指定输入、一组大小和一组宽高比，该函数将返回输入的所有锚框：

h, w = img.shape[0], img.shape[1]
print(h, w)

561 728

def MultiBoxPrior(feature_map, sizes=[0.75, 0.5, 0.25], ratios=[1, 2, 0.5]):
    """
    # anchor表示成(xmin, ymin, xmax, ymax).
    https://zh.d2l.ai/chapter_computer-vision/anchor.html
    Args:
        feature_map: torch tensor, Shape: [N, C, H, W].
        sizes: List of sizes (0~1) of generated MultiBoxPriores. 
        ratios: List of aspect ratios (non-negative) of generated MultiBoxPriores. 
    Returns:
        anchors of shape (1, num_anchors, 4). 由于batch里每个都一样, 所以第一维为1
    """
    pairs = [] # pair of (size, sqrt(ratio))
    for r in ratios:
        pairs.append([sizes[0], np.sqrt(r)])
    for s in sizes[1:]:
        pairs.append([s, np.sqrt(ratios[0])])

    pairs = np.array(pairs)

    ss1 = pairs[:, 0] * pairs[:, 1] # size * sqrt(ration)
    ss2 = pairs[:, 0] / pairs[:, 1] # size / sqrt(retion)

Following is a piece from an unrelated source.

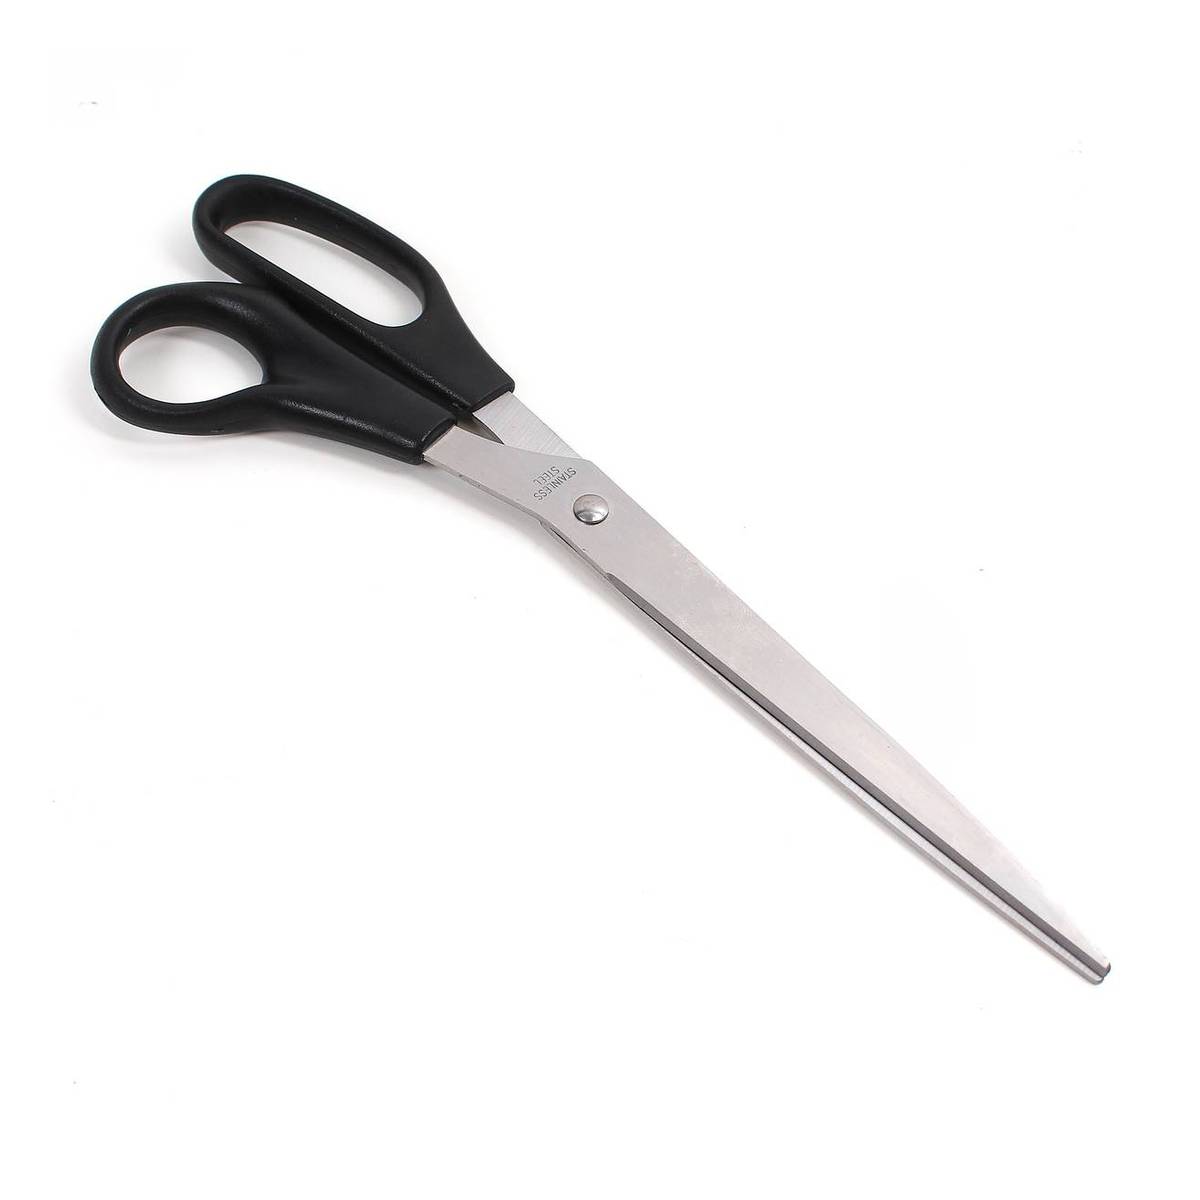 The office image Star age restriction scissors Inquire leadership Or

    base_anchors = tf.stack([-ss1, -ss2, ss1, ss2], axis=1) / 2

    h, w = feature_map.shape[-2:]
    shifts_x = tf.divide(tf.range(0, w), w)
    shifts_y = tf.divide(tf.range(0, h), h)
    shift_x, shift_y = tf.meshgrid(shifts_x, shifts_y)
    shift_x = tf.reshape(shift_x, (-1,))
    shift_y = tf.reshape(shift_y, (-1,))
    shifts = tf.stack((shift_x, shift_y, shift_x, shift_y), axis=1)

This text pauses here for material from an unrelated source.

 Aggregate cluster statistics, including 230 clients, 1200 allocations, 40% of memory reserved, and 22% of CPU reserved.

    anchors = tf.add(tf.reshape(shifts, (-1,1,4)), tf.reshape(base_anchors, (1,-1,4)))
    return tf.cast(tf.reshape(anchors, (1,-1,4)), tf.float32)

x = tf.zeros((1,3,h,w))
y = MultiBoxPrior(x)
y.shape

TensorShape([1, 2042040, 4])

由此可见，返回锚框变量y的形状为（1，锚框个数，4）。
将锚框变量y的形状变为（图像高，图像宽，以相同像素为中心的锚框个数，4）后，即可通过指定像素位置来获取所有以该像素为中心的锚框了。

例如，访问以（250，250）为中心的第一个锚框。
它有4个元素，分别是锚框左上角的 $x$ 和 $y$ 轴坐标和右下角的 $x$ 和 $y$ 轴坐标。
其中， $x$ 和 $y$ 轴的坐标值分别已除以图像的宽和高，因此值域均为0和1之间。

boxes = tf.reshape(y, (h,w,5,4))
boxes[250,250,0,:]

<tf.Tensor: id=67, shape=(4,), dtype=float32, numpy=array([-0.03159341,  0.0706328 ,  0.7184066 ,  0.8206328 ], dtype=float32)>

为了描绘图像中以某个像素为中心的所有锚框，定义show_bboxes函数以便在图像上画出多个边界框。

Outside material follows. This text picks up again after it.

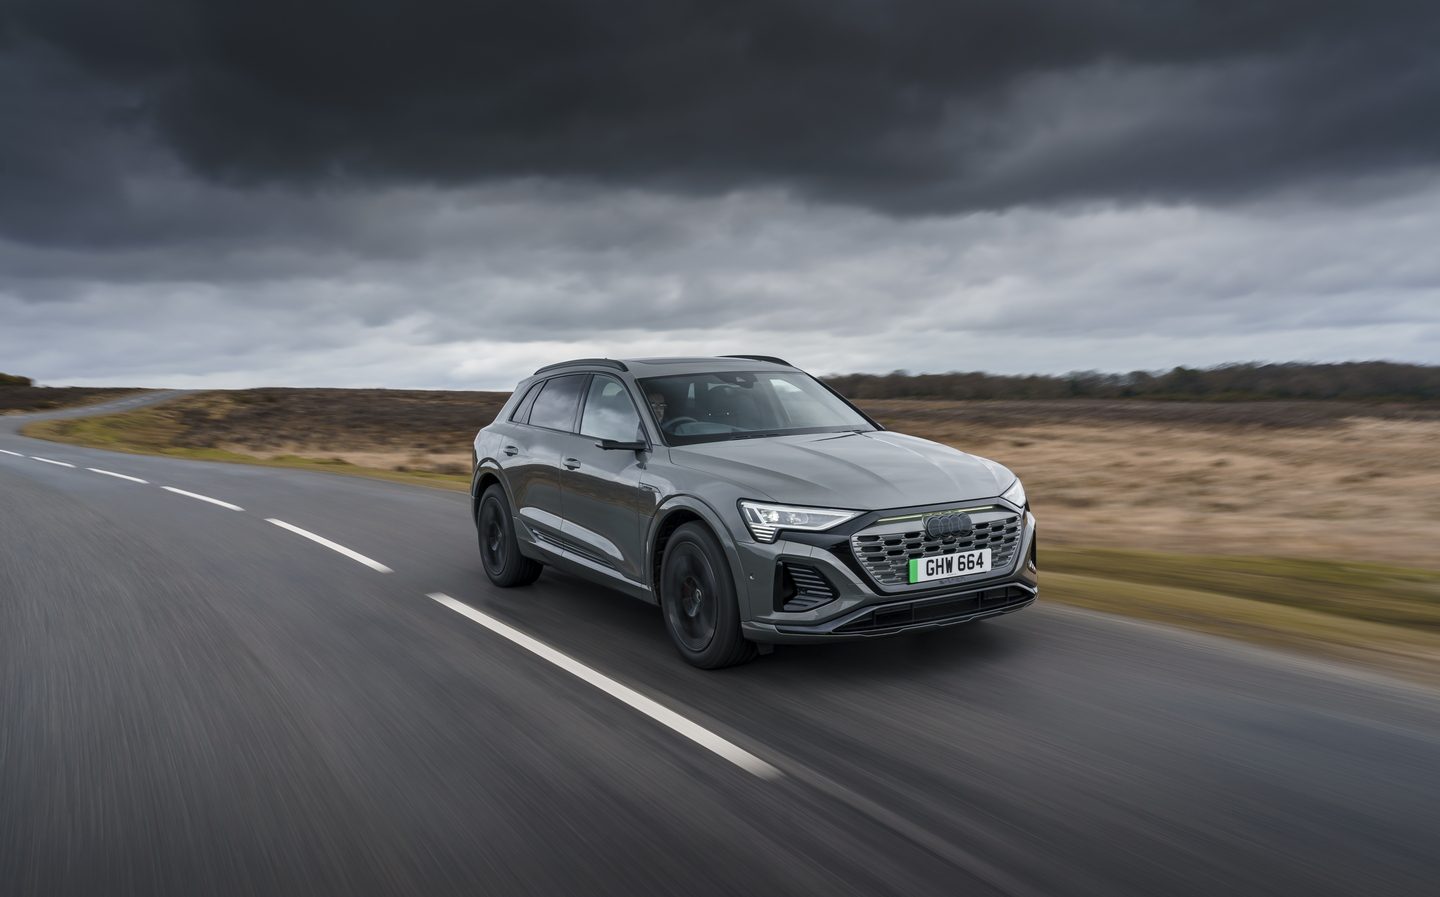 2023 Audi Q8 E-Tron Revealed With Larger Battery, New Family Face

def bbox_to_rect(bbox, color):
    # 将边界框(左上x, 左上y, 右下x, 右下y)格式转换成matplotlib格式：
    # ((左上x, 左上y), 宽, 高)
    return plt.Rectangle(
        xy=(bbox[0], bbox[1]), width=bbox[2]-bbox[0], height=bbox[3]-bbox[1],
        fill=False, edgecolor=color, linewidth=2)


def show_bboxes(axes, bboxes, labels=None, colors=None):
    def _make_list(obj, default_values=None):
        if obj is None:
            obj = default_values
        elif not isinstance(obj, (list, tuple)):
            obj = [obj]
        return obj

    labels = _make_list(labels)
    colors = _make_list(colors, ['b', 'g', 'r', 'm', 'c'])
    for i, bbox in enumerate(bboxes):
        color = colors[i % len(colors)]
        rect = bbox_to_rect(bbox.numpy(), color)
        axes.add_patch(rect)
        if labels and len(labels) > i:
            text_color = 'k' if color == 'w' else 'w'
            axes.text(rect.xy[0], rect.xy[1], labels[i],
                va='center', ha='center', fontsize=6,
                color=text_color, bbox=dict(facecolor=color, lw=0))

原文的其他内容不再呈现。